The pipe is in your hands. You take a deep breath of the dense, slightly acrid smoke and hold it. For a few seconds nothing happens — and then reality begins to slide sideways.
It starts at the edges: a pulling sensation, as though gravity has suddenly decided to operate at a ninety-degree angle to its usual direction. The room begins to stretch and distort. You become aware that you are laughing — hard, uncontrollably — though nothing is funny. The laughter feels mechanical, as if something else is laughing through you.
Within thirty seconds of exhaling, the room is gone. Not dimmed, not distorted — simply absent. In its place is something else entirely. You are no longer a person sitting on a couch. You are part of the couch. Or you are a page in an enormous book that is being turned by vast, indifferent hands. Or you are one segment of an infinite conveyor belt, and every segment is a different moment of your life, and you have always been this, and the idea that you were ever a human being was a brief and incomprehensible dream.
There is a presence — or multiple presences. They are not hostile, but they are not friendly either. They are simply there, the way the walls of a room are there. They seem to be showing you something, or pulling you somewhere, with absolute authority. You have no capacity to resist because you have no capacity for anything. The concept of "you" has become meaningless. The concept of "concept" has become meaningless.
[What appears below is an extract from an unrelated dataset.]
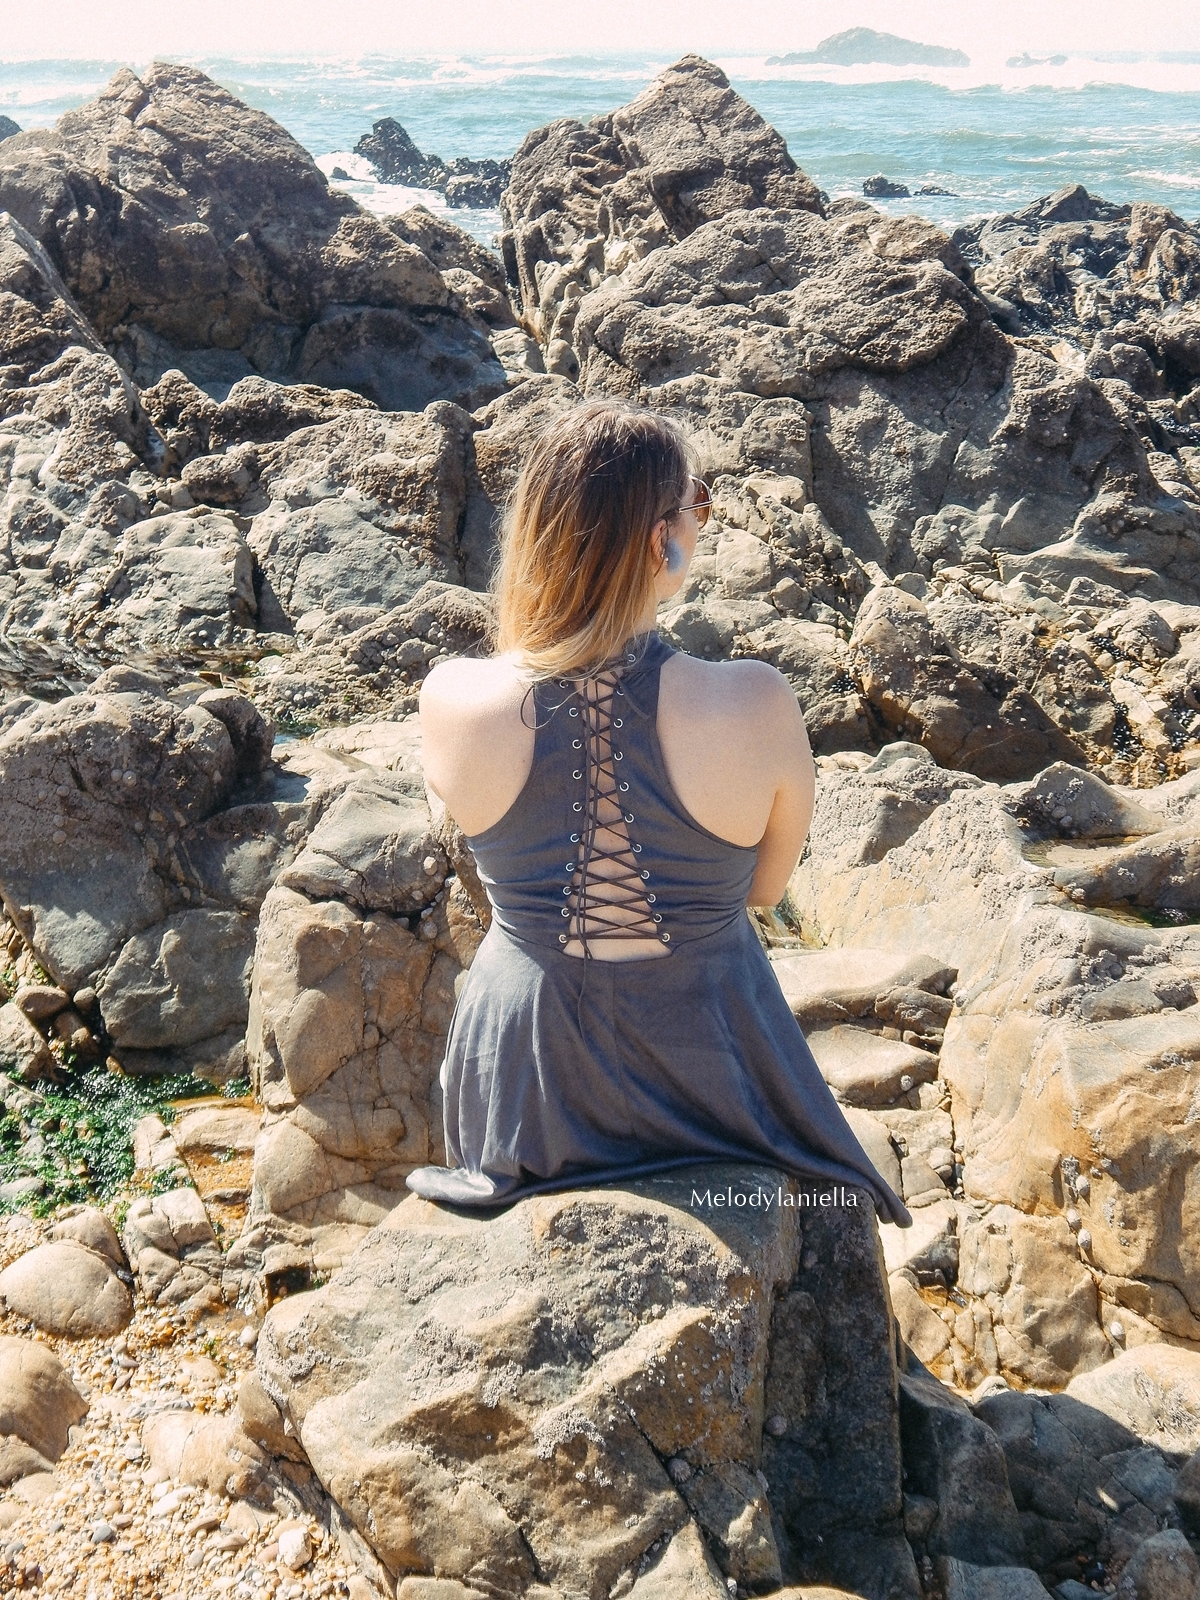 13 stylizacja porto portugalskie plaże co zobaczyć w portugalii szara sukienka sznurowana na plecach sukienka z zamszu szare sukienki sznurowania jaka sukienka dla blondynek mini szare espadryle biżuteria

Time has stopped or is moving in a direction that has nothing to do with forward. You may relive a moment from childhood with absolute conviction that you are five years old and the last twenty years never happened. Or you may find yourself in a place that has no analogue in waking experience — a space made of pure geometry, or a landscape of living color that extends in directions you have no words for.
The physical world reassembles itself in pieces, like a puzzle being solved from the outside in. First the edges of objects, then their solidity, then the sense that you have a body, then the memory of who you are. The whole peak has lasted perhaps five to ten minutes, but it feels as though you have been gone for a very long time. You are sitting on the couch. The room is the room again. You are intensely relieved, and also bewildered, and there is a residual strangeness clinging to everything — a sense that the ordinary world is somehow thinner than it was before, that it is sitting on top of something else.
Over the next twenty to thirty minutes, the strangeness fades. You feel normal again, though perhaps quieter and more contemplative than before. There is no hangover, no stimulation, no residual visual disturbance. But the memory of what happened — the sensation of being peeled apart, of becoming an object, of the presences — stays sharp and clear and deeply strange, sometimes for years.